I have so many memories of sleep overs, Easter egg hunts, swimming pool visits, and beach trips that flood my mind. They are cherished memories that are dear to my heart and I treasure them with everything inside of me. Jeremy was Aaron’s first real “friend” (really his cousin) outside of his immediate family (his father and I). They were always so much fun together. Aaron was about 5 years younger than Jeremy, but Jeremy took Aaron under his wing…teaching him about Teenage Mutant Ninja turtles and Aaron teaching him about Power Rangers. Occasionally, Jeremy might have to watch Barney…that annoying purple dinosaur…but he was a good sport about it, from what I can remember anyway. Jeremy and Aaron were the beginning of the 4 musketeers. Then came Zachary, Jeremy’s brother…Aaron’s other cousin.

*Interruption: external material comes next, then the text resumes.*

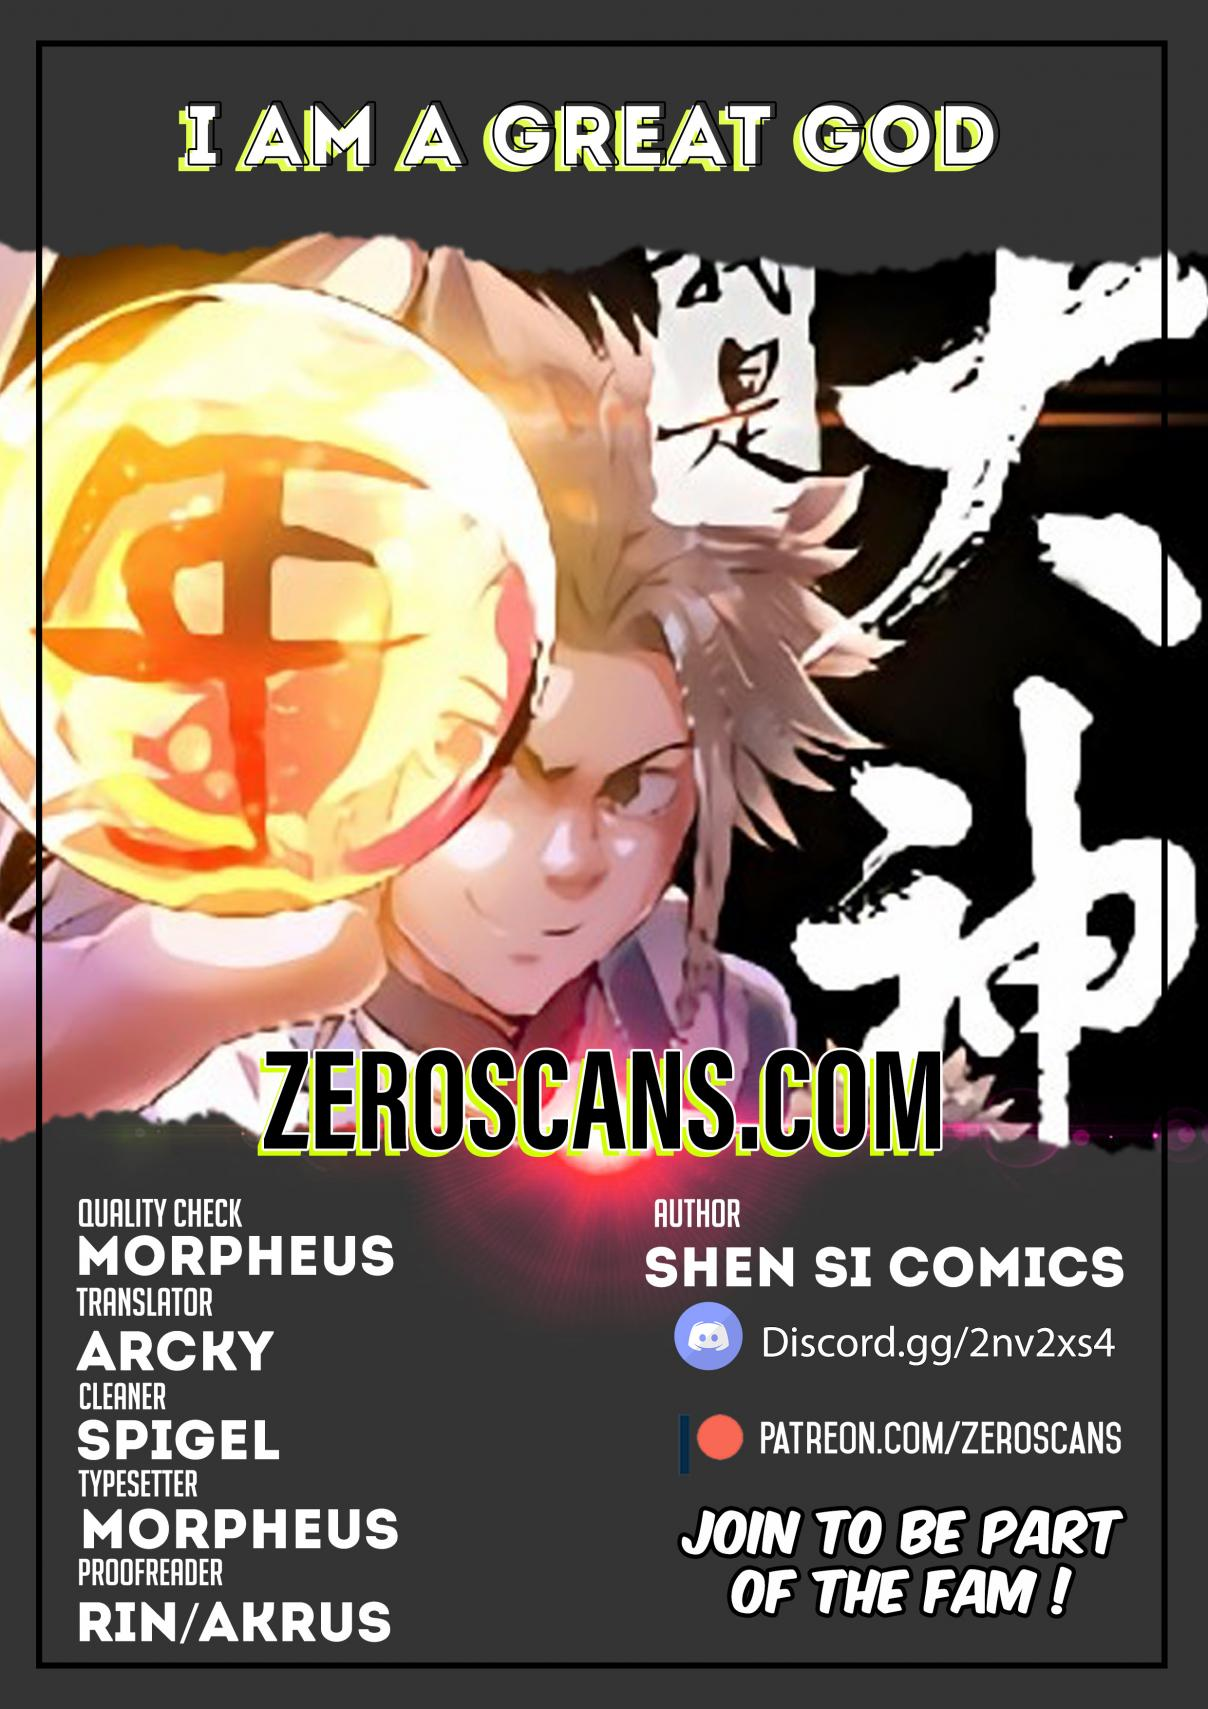 https://im.nineanime.com/comics/pic9/4/21124/512600/3531d0b9e7d83caaef7ecf9ec9b363f2.jpg Page 1
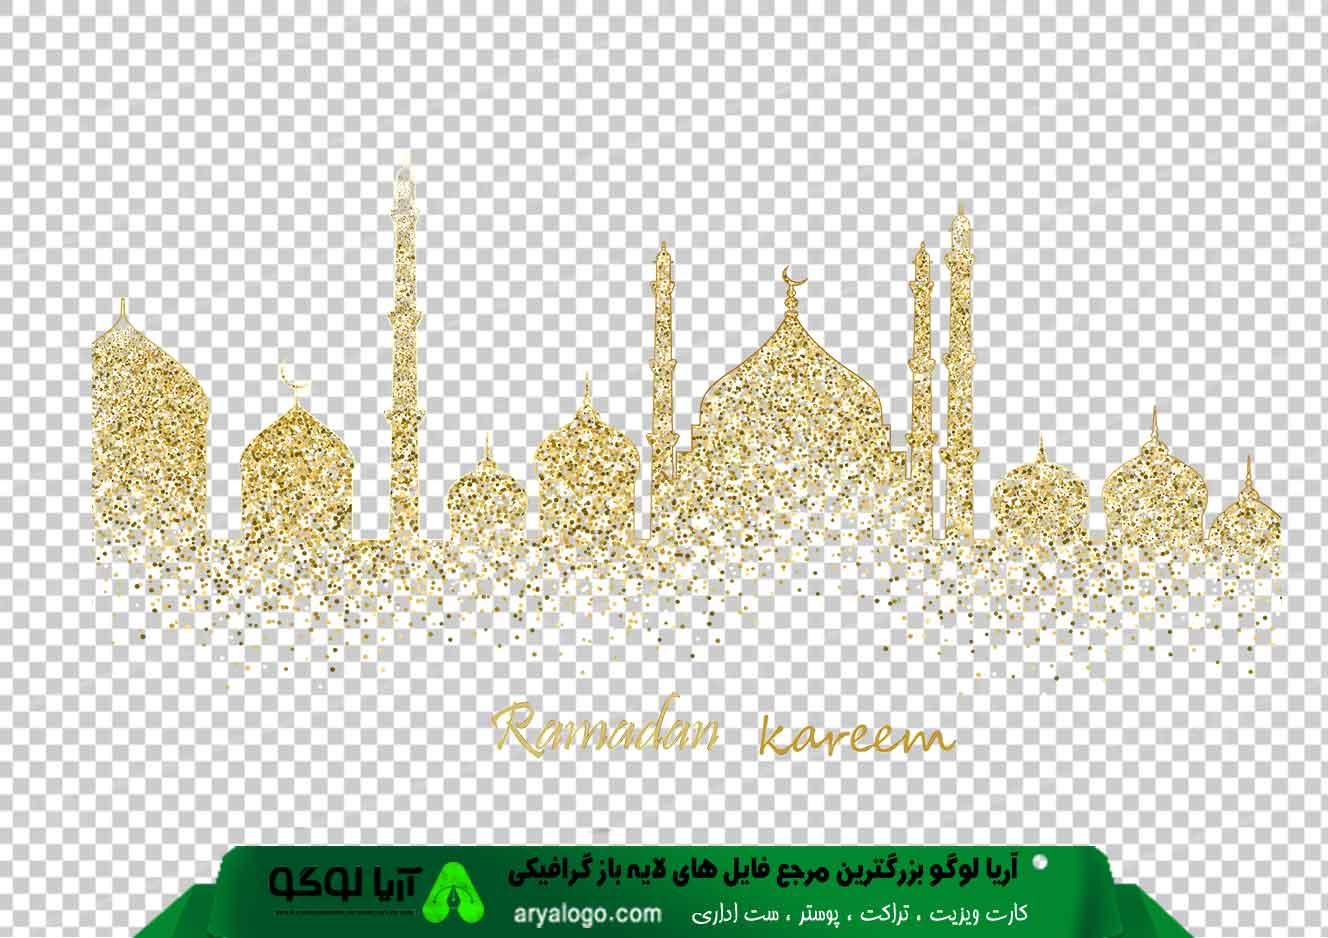 وکتور png ماه رمضان 19

So now, they were the three musketeers…Aaron, Jeremy, and Zachary. The one memory that really stands out in my mind about Aaron and Zach is that when Zach was a baby, Aaron just loved to rub his little bald head. I have so many pictures, where Aaron is rubbing Zach’s head. And as he would rub Zach’s head, he would speak so softly and sweetly to Zach. As they grew, Aaron, Jeremy, and Zach became somewhat obsessed with video games and they would compete on who had the newest and best game. There were more than a few disputes that had to be settled over whose turn it was to play and whose turn it would be in the next round. Now, don’t think that I allowed them to sit for hours playing games…I did make them go outside to play. But, I didn’t really have to make Aaron go outside, because he LOVED to be outside. He would play for hours outside with both of his cousins climbing trees, playing cops and robbers, or acting out Power Rangers. Yes…Aaron still loved that show too! A few years later, the 4th musketeer came along…Aaron’s sister, Taylor.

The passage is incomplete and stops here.